In 2020, U.S. regulators fined Citibank (Citigroup’s subsidiary) $400 million for deficiencies in enterprise-wide risk management, data governance, and internal controls.

The same year, the bank accidentally wired $900 million to Revlon’s lenders due to a system error. In 2024, another glitch caused an $81 trillion crediting error.

CEO Jane Fraser called the root cause decades of underinvestment in tech and infrastructure.

Despite being one of the largest financial institutions with roughly 200 million customer accounts, Citigroup had to rebuild itself to get on track with the AI world.

In today’s AI at the Top, we will learn how Citigroup went from regulatory issues and poor infrastructure to an over 70% AI adoption rate within the company.
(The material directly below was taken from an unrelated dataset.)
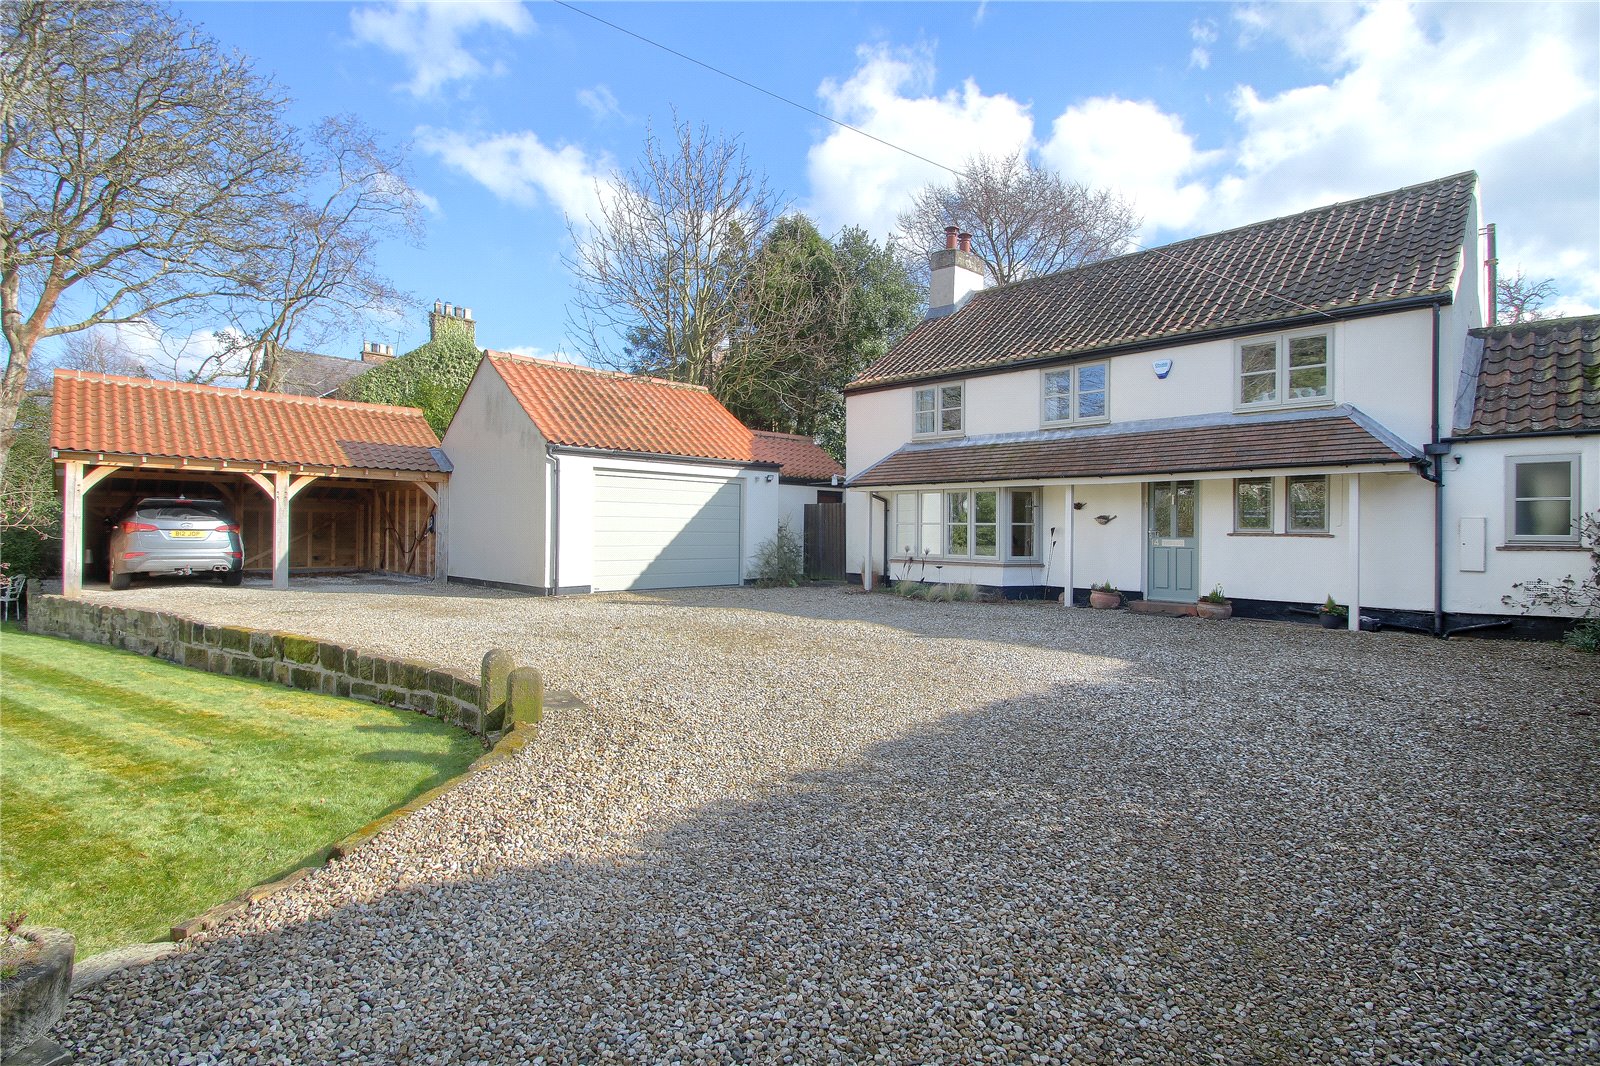 4 bed house for sale in Enterpen, Hutton Rudby - Property Image 1
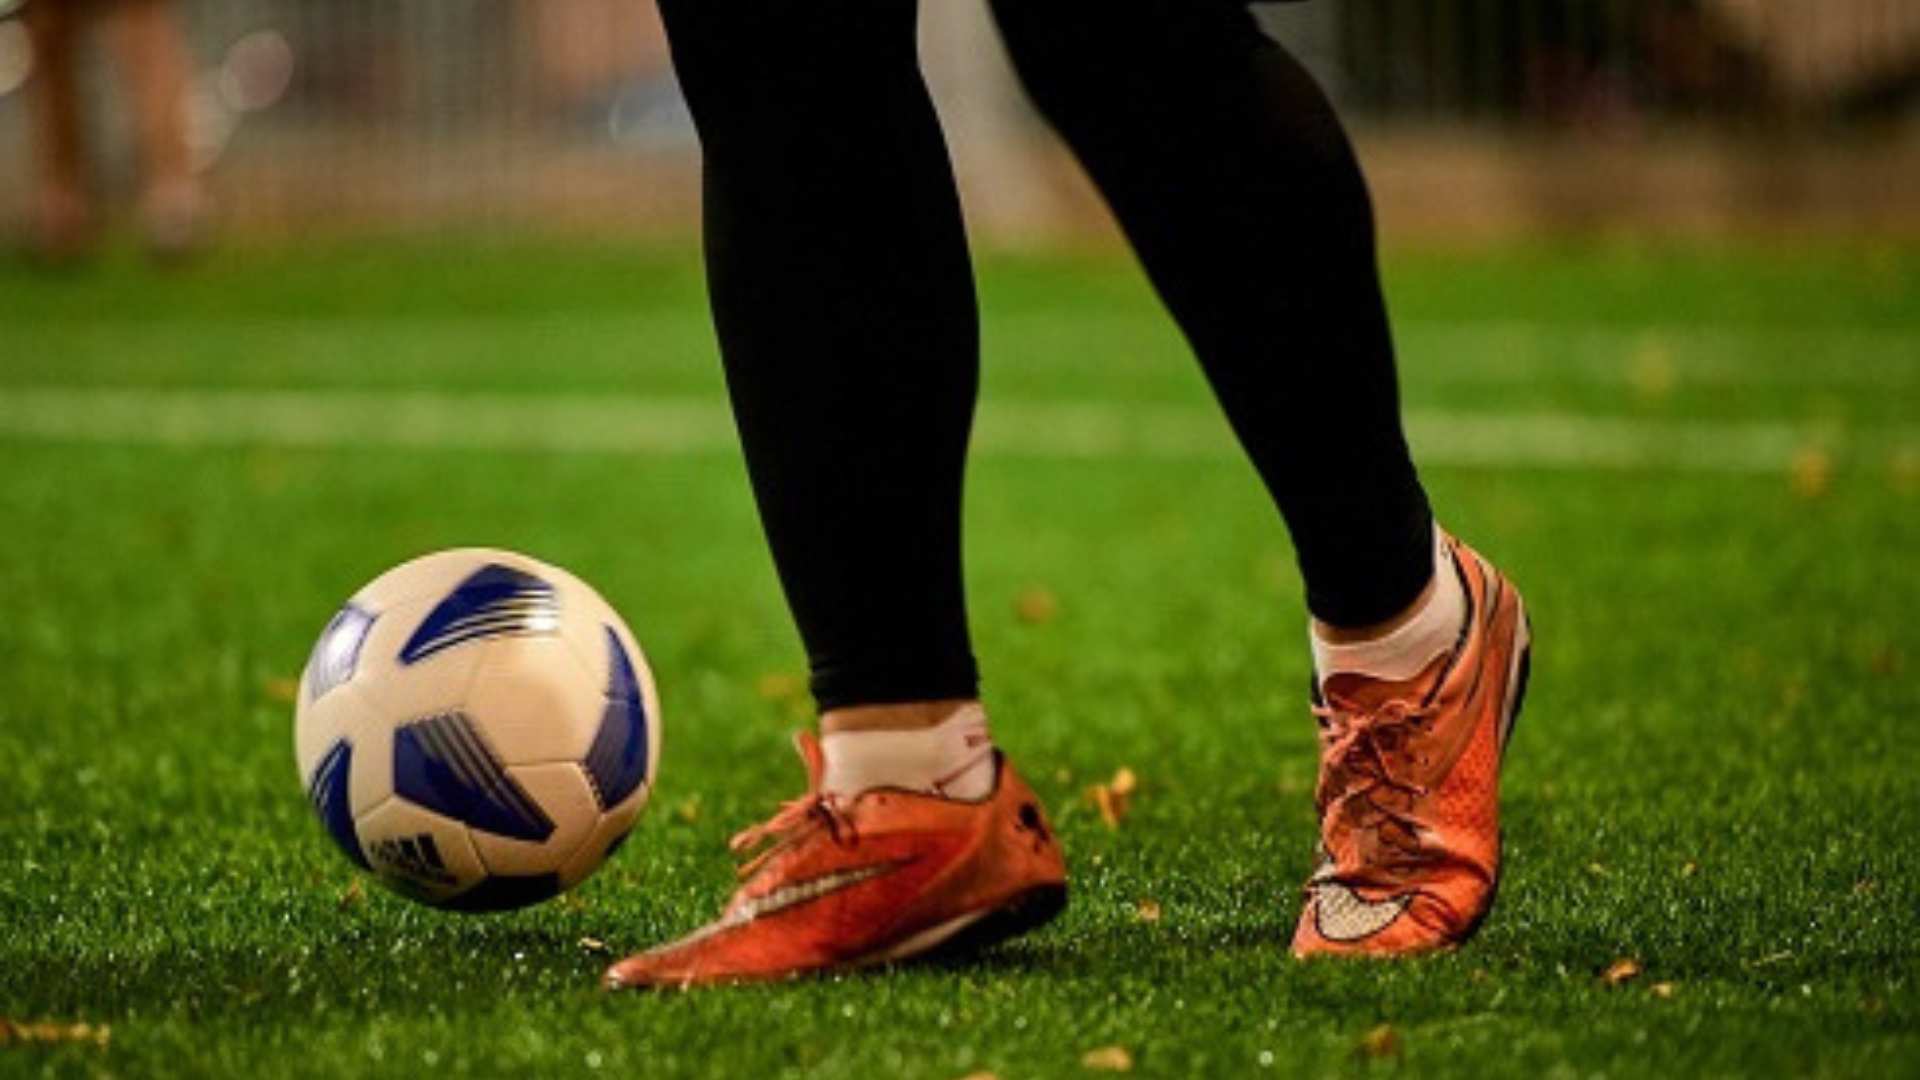 Pronated Footprint: Analysis of Podiatry in Soccer

Why Citigroup Had to Fix the Foundation Before Scaling AI

The company has businesses across consumer banking, wealth management, institutional trading, treasury services, and investment banking.

The bank’s systems had been built over decades, with different teams solving the same problems in different ways. Data and applications were not interconnected. Regulators flagged data quality as a critical weakness.

It was important for different domains to learn from each other, so the models can find patterns and optimise for efficiency.

We have seen companies like UPS and Target do this before and succeed.

CEO Fraser’s response to poor infrastructure was a three-part strategy.

Simplify the business. Citigroup exited consumer banking in 14 international markets to reduce organisational complexity. It made the bank focus on high-margin businesses like institutional banking and wealth management. AI delivers most value here because of the data richness.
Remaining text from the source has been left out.